IDACombo predicts that elesclomol can be efficaciously added to the combination of cisplatin and gemcitabine in EGFR wild type lung cancer

To demonstrate how IDACombo can be used to identify candidate combinations of more than two drugs, we performed an analysis aimed at identifying drugs that could be added to the combination of cisplatin + gemcitabine to increase the treatment’s efficacy in EGFR wild type lung cancer. Similar to the navitoclax analysis, IDAcomboscores were predicted for the addition of late-stage clinical drugs to the combination, with cisplatin + gemcitabine being treated as a monotherapy for the purposes of IDAcomboscore calculations. By far, the highest predicted IDAcomboscore was produced by the addition of elesclomol, an inducer of oxidative stress, to cisplatin + gemcitabine (Fig. S11A). Importantly, predicted IDAcomboscores remained high and predicted HRs remained low across a range of elesclomol concentrations (Fig. S11B and S11C), indicating that the combination is predicted to be superior to cisplatin/gemcitabine or elesclomol alone even if elesclomol must be used at low doses for toxicity reasons. We are unaware of any published studies testing the combination of cisplatin + gemcitabine + elesclomol. However, elesclomol has been demonstrated to selectively target cisplatin-resistant lung cancer cell lines24, suggesting that it may target a phenotypically distinct population of tumor cells from that targeted by cisplatin. The high IDAcomboscore predicted for this combination supports this possibility and suggests that this combination should be further investigated for use in the first-line therapy of EGFR wild type lung cancer. Along with the navitoclax findings above, these findings demonstrate the ease and feasibility with which IDACombo predictions can be used to identify novel drug combination candidates for further development.

Discussion

Our results demonstrate that IDACombo can be used with monotherapy cell line screening data to accurately predict drug combination efficacy both in vitro and in patients. While this does nothing to diminish the importance of continued efforts to understand and predict drug synergy/additivity, it does demonstrate that clinically meaningful predictions can be made using the simpler IDA hypothesis while methods which account for additivity and synergy continue to improve. In addition, our results are notable because they demonstrate that in vitro drug screening data can be used to generate clinically meaningful predictions for drug combination efficacies in patients despite the physiological and pharmacological differences between in vitro and in vivo systems. Furthermore, they suggest that many of these predictions can be made using pan-cancer sets of cell lines despite the wide range of genetic and phenotypic diversities observed among different cancer types.

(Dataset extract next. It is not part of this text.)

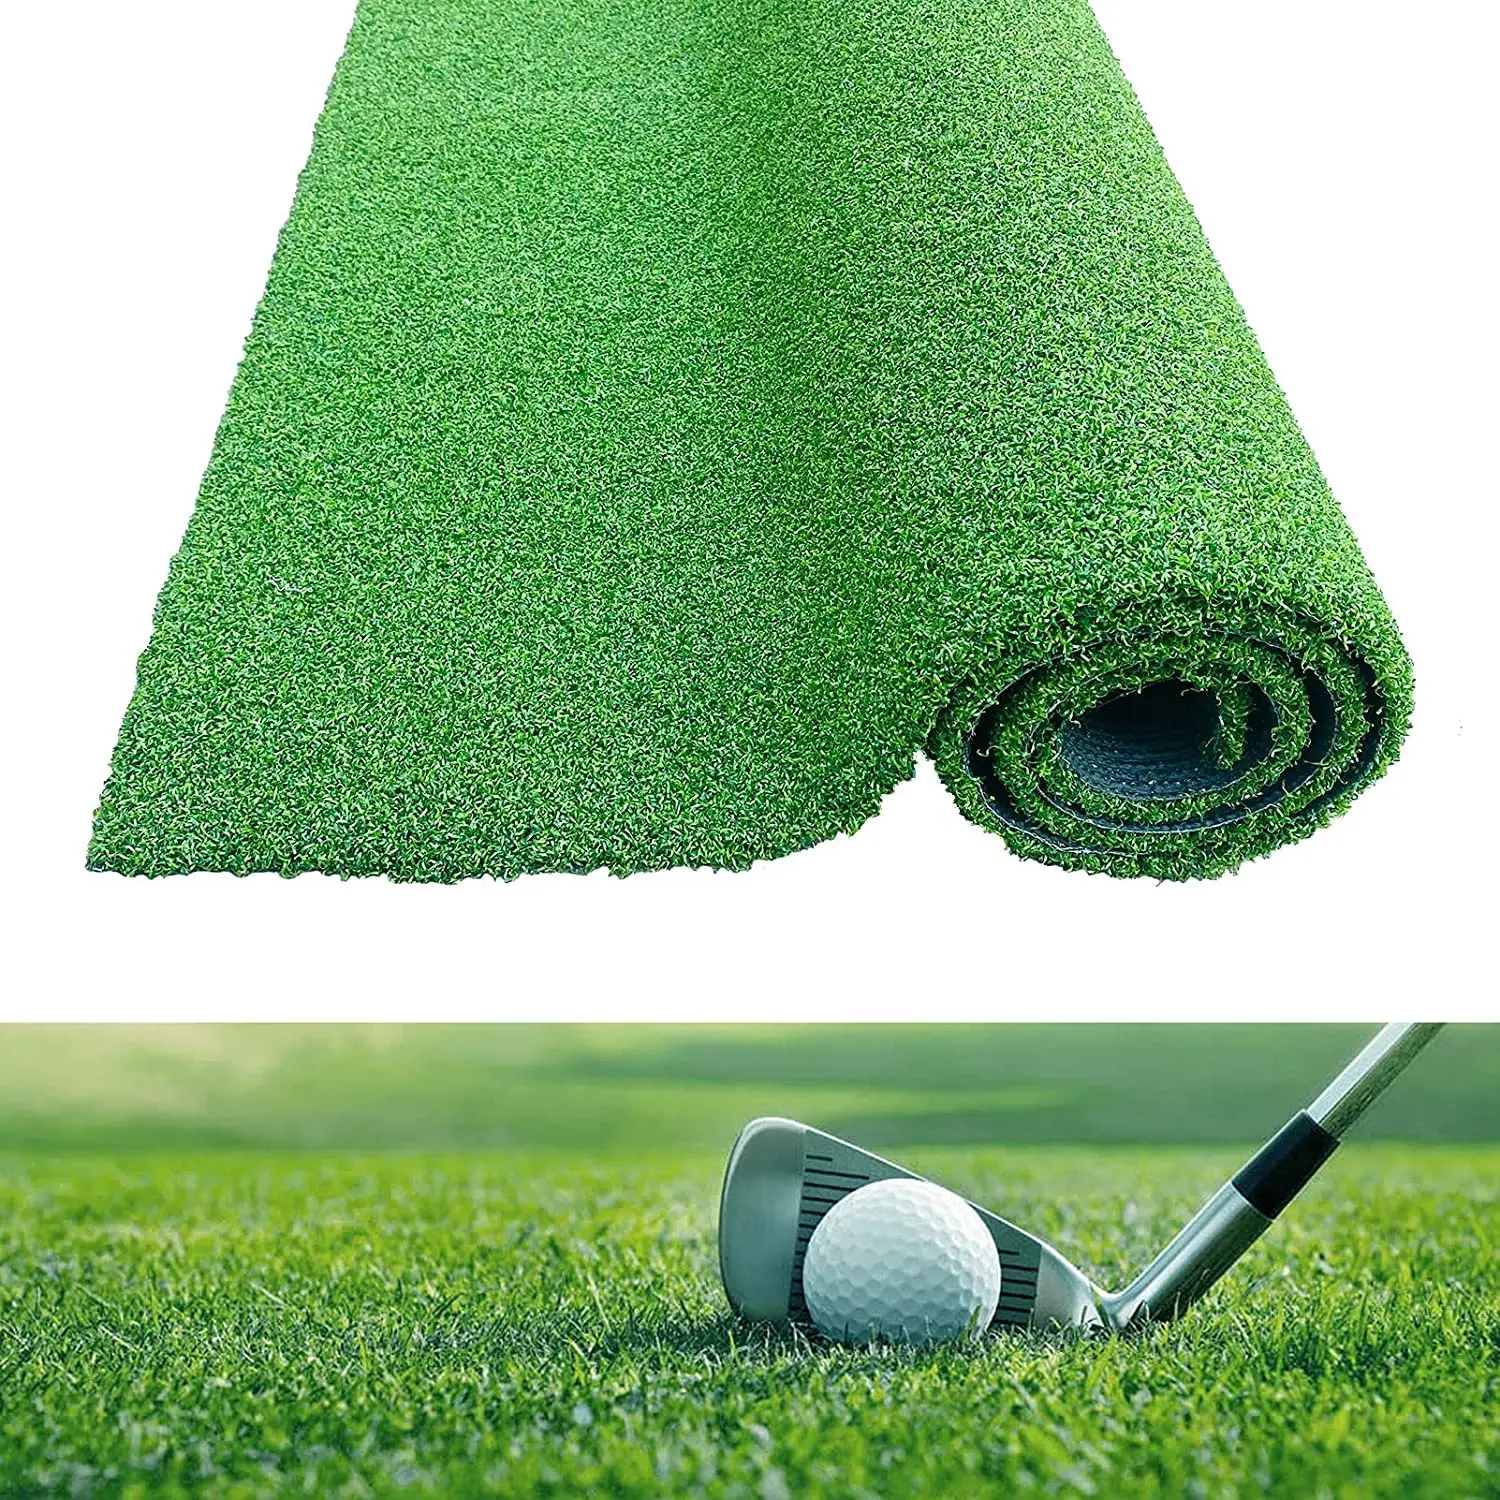 Soccer Golf Cheap Artificial Grass Sports Flooring Putting Green Artificial Grass for Cricket Field

There are, however, several limitations to this method. The first major limitation is an apparent unsuitability of cell-line-based IDACombo predictions for patients who have undergone previous cancer drug treatment. One possible explanation for this is that the set of cell line models we used for model construction may be more representative of a population of treatment naïve tumors than it is of a population of tumors which have recently undergone a narrow set of treatments. It is well established that drug treatment can induce clonal selection in tumors in ways that alter the tumors’ drug sensitivities25. While these altered sensitivities may be reflected in cell lines that were generated from the tumors of previously treated patients26, it is likely that the cell lines in CTRPv2 and GDSC were derived under a diverse set of circumstances. This likely means that our set of cell lines contains greater phenotypic diversity at the population level than would be expected from a set of tumors which had recently undergone similar treatments and, therefore, similar selective pressures. Importantly, we do not believe this limitation negates the clinical value of our method. Of the trials systematically selected for our study, we identified more phase III cancer drug combination clinical trials in treatment-naïve patients than in previously treated patients, and more than half of the trials in treatment-naïve patients were published within the last decade. This suggests that there is still value in developing novel first-line therapies, meaning that drug combinations prioritized by IDACombo may have immediate clinical value. A second limitation of this method is the inability of high-throughput cell line screens to measure the efficacy of immunotherapies—making it impossible for IDACombo to use currently available screens to predict the efficacy of drug combinations which include immunotherapies. It should be noted, however, that this does not mean that IDA-based predictions of drug combination efficacy are necessarily unsuitable for immunotherapies. Rather, this is currently a technical limitation that may be overcome by efforts to generate in vitro models suitable for screening immunotherapies27. These limitations, and potential strategies to overcome them, are discussed in more detail in the Supplemental Text.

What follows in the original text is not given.